Anything worth doing is worth doing repeatedly, or The fundamental connection between frequentist statistics and hierarchical models

Hierarchical modeling is gradually being recognized as central to Bayesian statistics. Why? Well, one way of looking at it is that any given statistical model or estimation procedure will be applied to a series of problems–not just once–and any such set of problems corresponds to some distribution of parameter values which can themselves be modeled, conditional on any other available information. (This is the “meta-analysis” paradigm.)

Hierarchical modeling

Anything worth doing is worth doing repeatedly–hence all estimation problems can be formulated as hierarchical models. To use some notation, the repeated problems are j=1,…,J, the unknown parameters are theta_j, and the datasets are y_j. In old-fashioned Bayesian statistics, j=1 and there is a lot of talk about principles for assigning the prior distribution, p(theta). In modern, hierarchical Bayesian statistics, the theta_j’s come from a distribution, p(theta), whose hyperparameters are estimated from data. (If appropriate, there are group-level input variables x_j, so that the group-level model is p(theta_j|x_j).)

Frequentist statistics

The so-called “frequentist” approach to statistics is based on evaluating the long-run frequency properties of statistical estimates–that is, considering what would happen if a particular estimation procedure were applied repeatedly to different data sets. Well, that’s what hierarchical modeling is all about.

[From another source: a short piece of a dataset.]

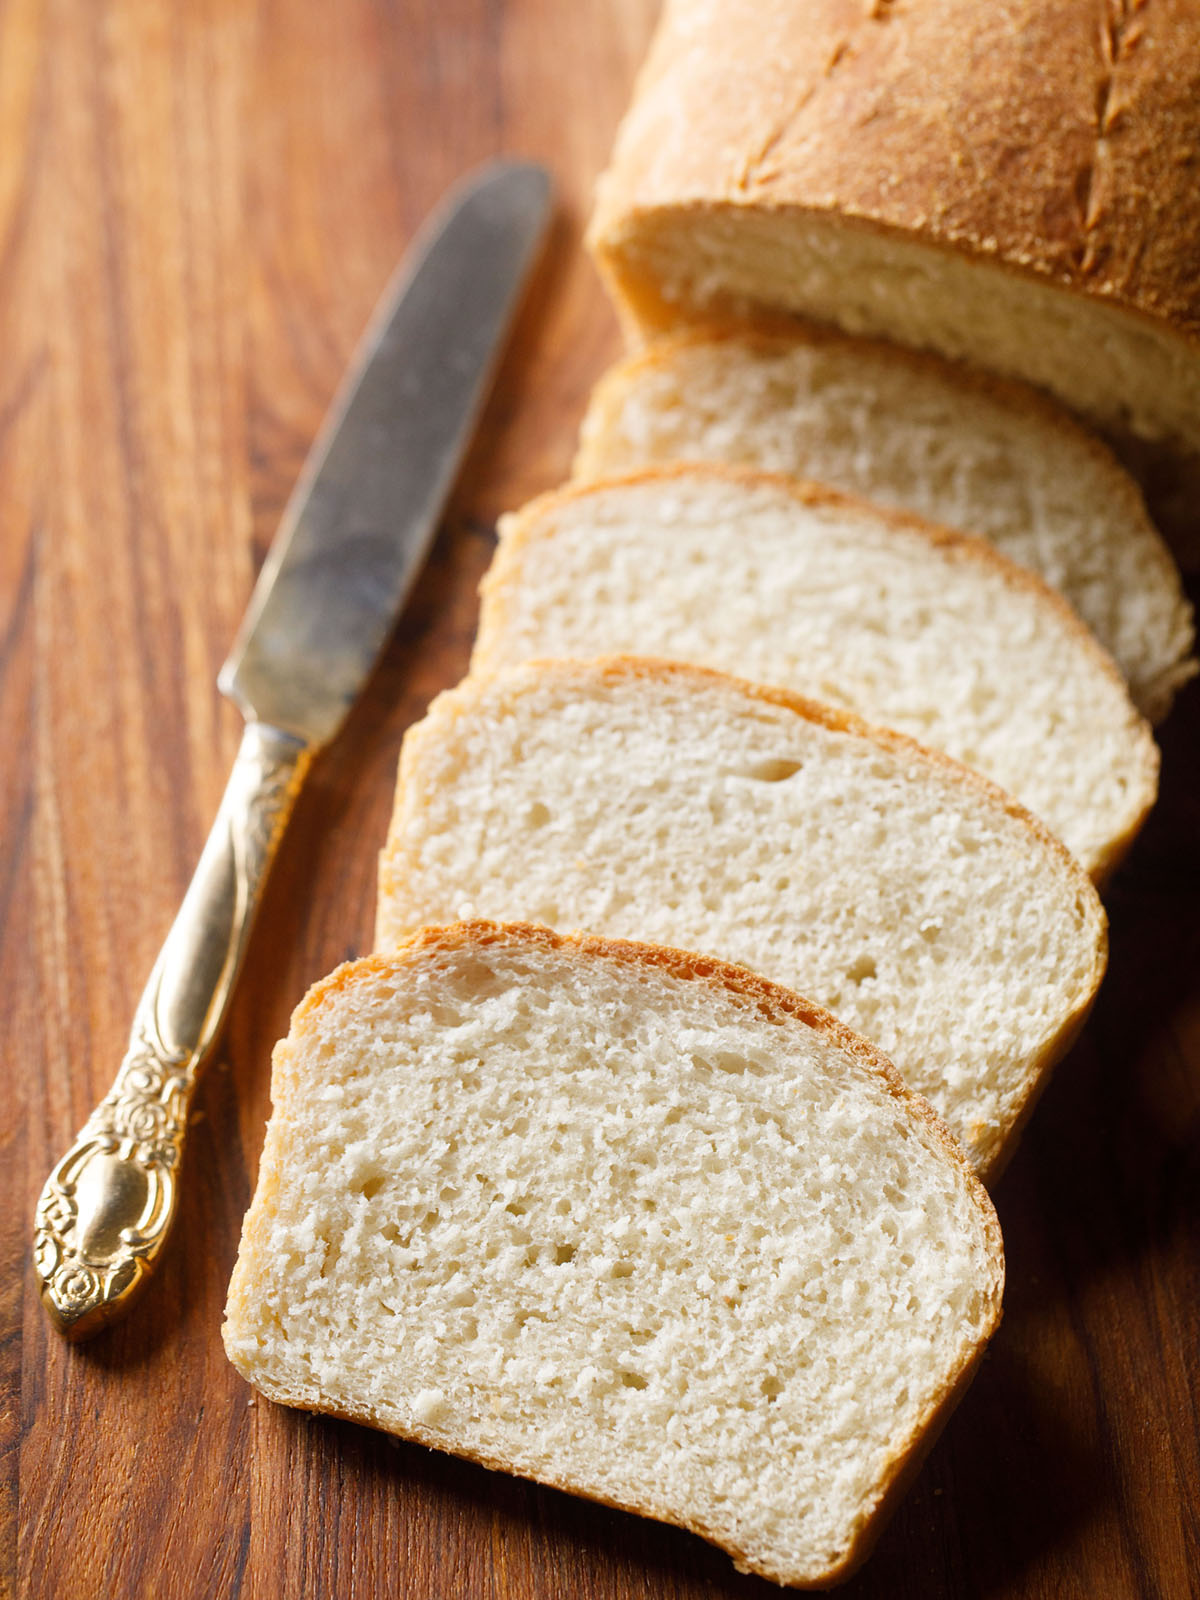 Learn the joy of bread making

As Don Rubin pointed out in 1984, it makes sense for applied statisticians to be interested in frequency properties, since we do apply our methods repeatedly. Hierarchical modeling is the framework under which we can understand these frequency evaluations.

Multiple comparisons

For example, consider a problem of multiple comparisons, in which we are repeatedly examining differences, theta_j – theta_k, and comparing these differences to zero. Assuming we have a lot of these comparisons, we can easily estimate them through a hierarchical model. Comparisons obtained using the resulting shrinkage estimates have desirable frequency properties. (See here for more on this.)

Take-home point

It makes sense for Bayesians to think about frequency properties in the context of hiearchical models. It is well known that one can typically interpret a classical statistical estimate as a summary of a posterior distribution under a particular choice of model. Similarly, one can typically interpret a frequentist statement as a summary of posterior inferences in a particular hierarchical setting.

2 thoughts on “Anything worth doing is worth doing repeatedly, or The fundamental connection between frequentist statistics and hierarchical models

  1. There was some research on meta-learning, "multi-task learning" and "learning to learn" in machine learning, that addressed similar problems as hierarchical modelling. I personally prefer hierarchical modelling for its cleanliness.

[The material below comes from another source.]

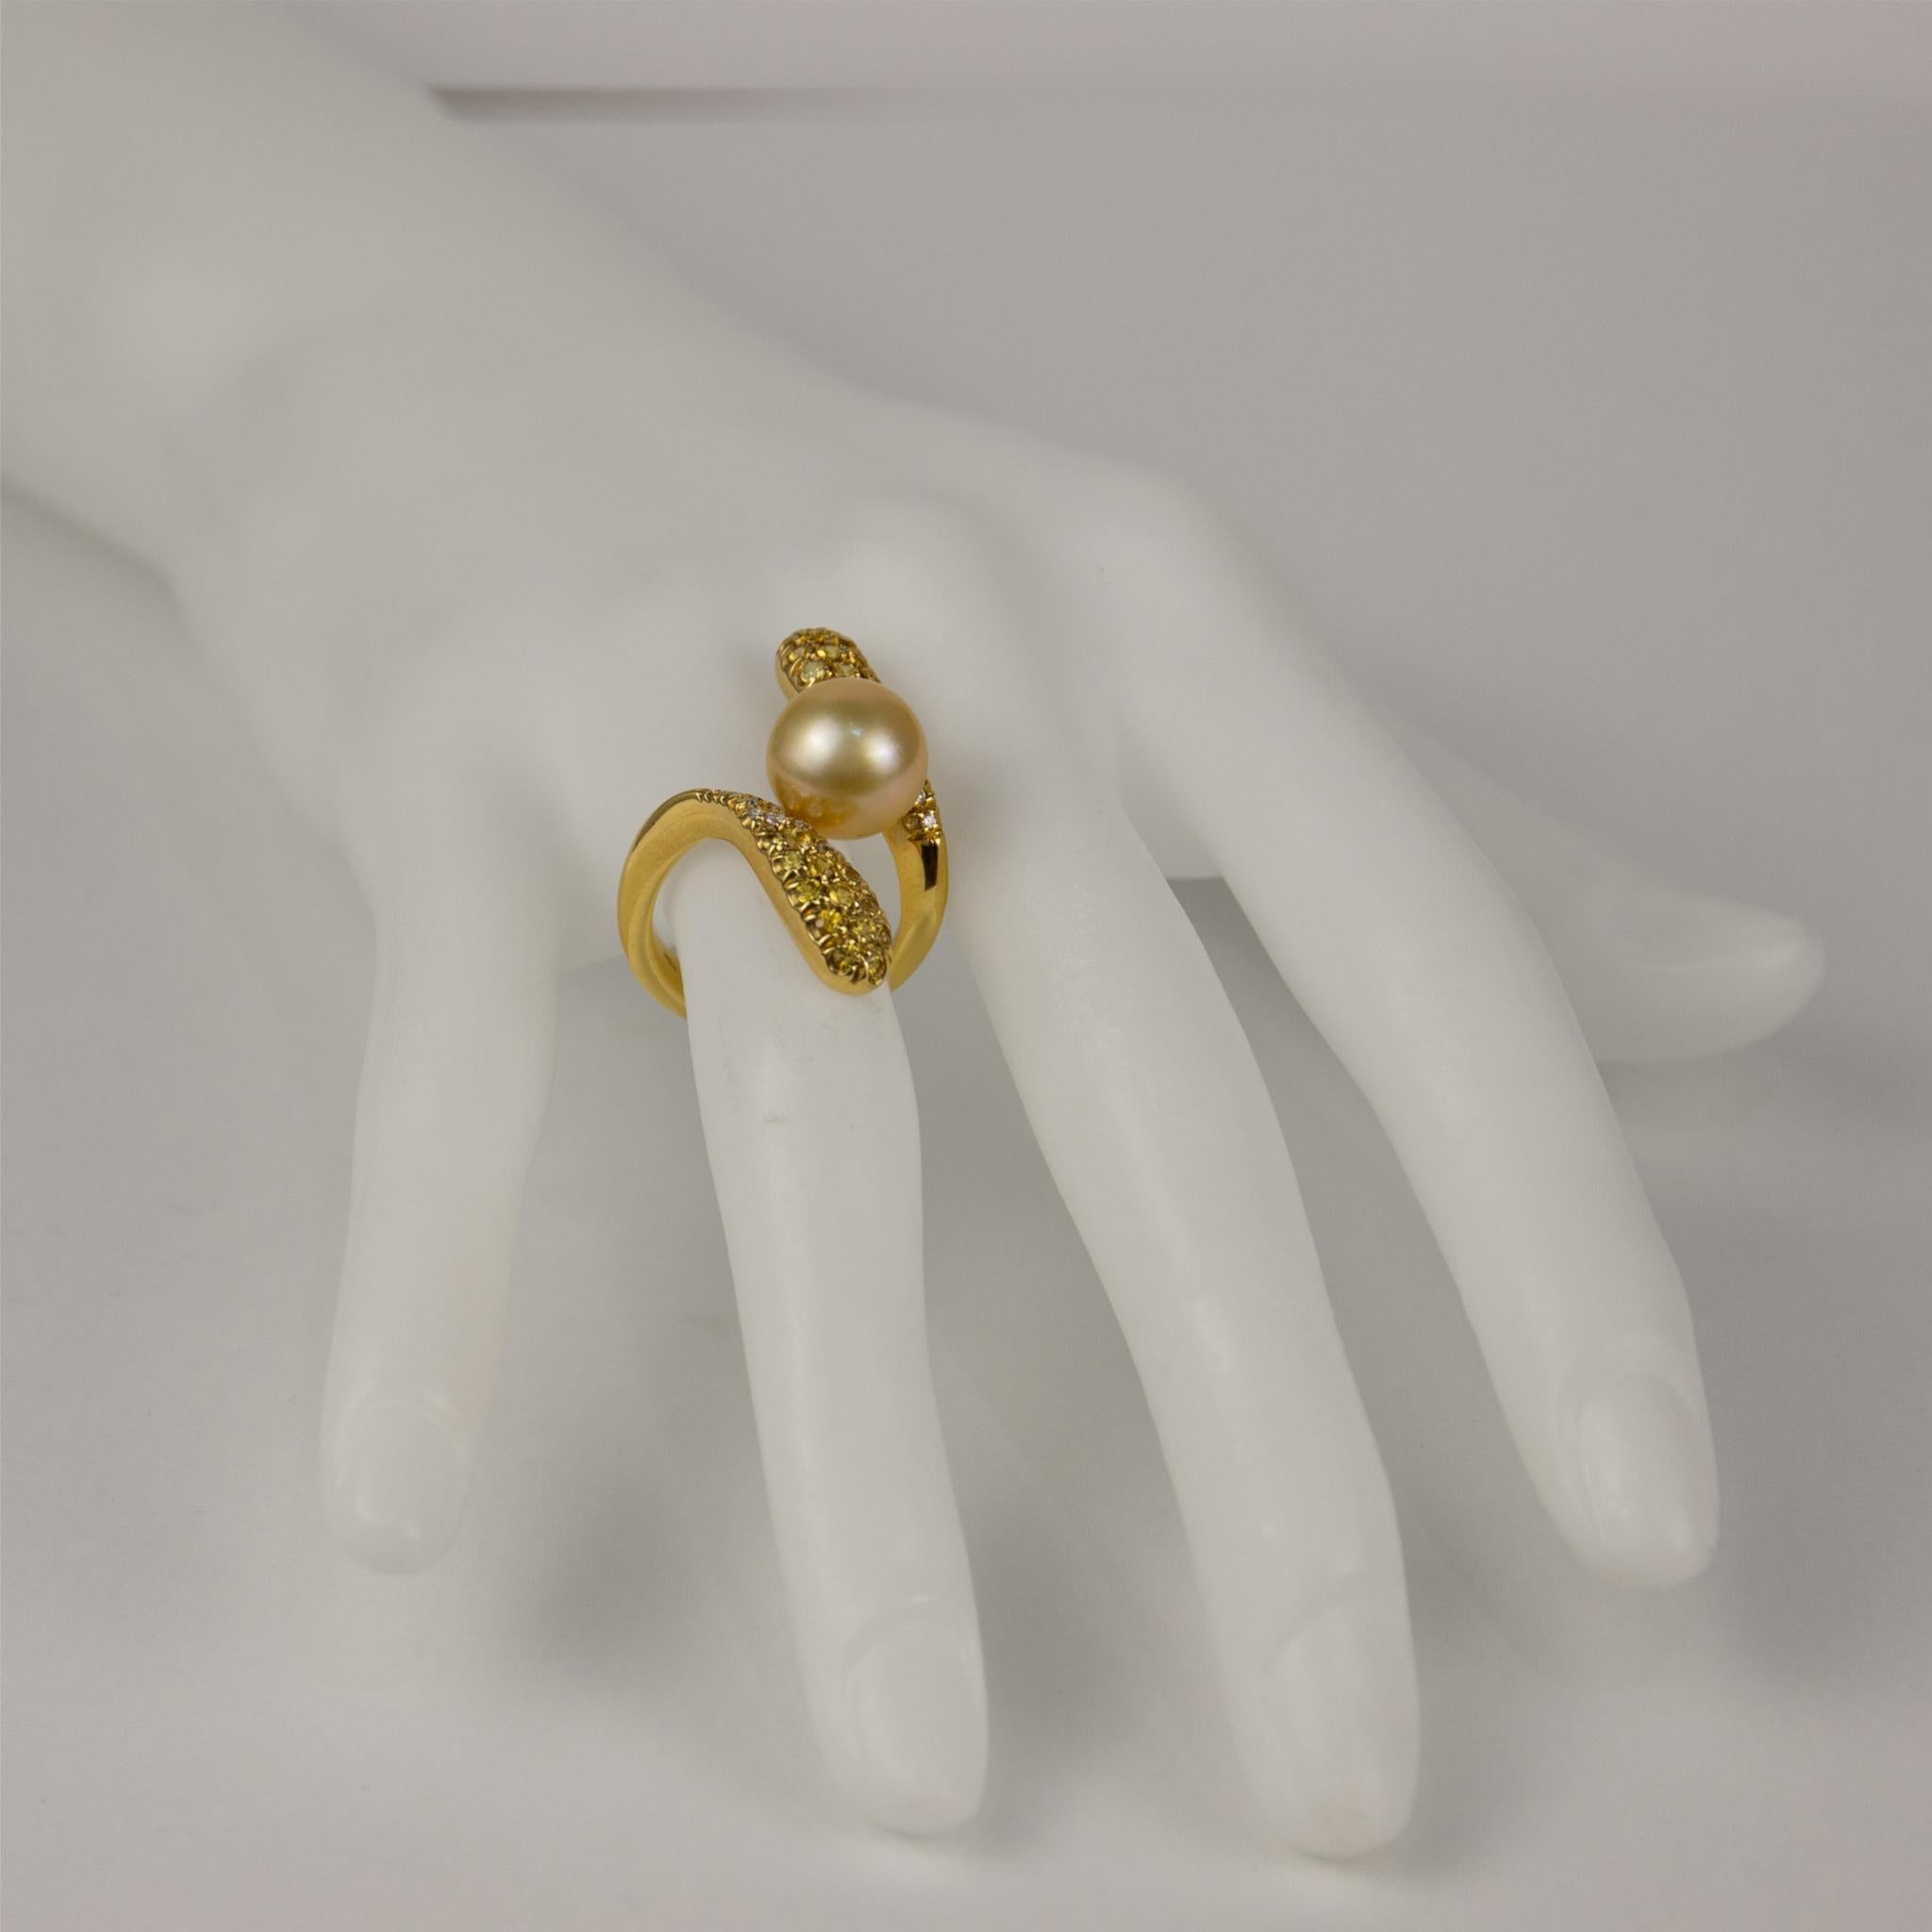 Modern Stefan Hafner 18k Yellow Gold Diamond & Pearl Ring For Sale

    But if anyone is interested in digging deeper, there is a book "Learning to Learn" that comprises the related research in machine learning. A good single paper to read is Baxter's, "A Bayesian/information theoretic model of learning to learn via multiple task sampling."

  2. Aleks,

    I took a look at the Baxter paper–it's pretty abstract, hard for me to follow without an applied example. But I guess that serves me right for not including any applied example in my posting…

Comments are closed.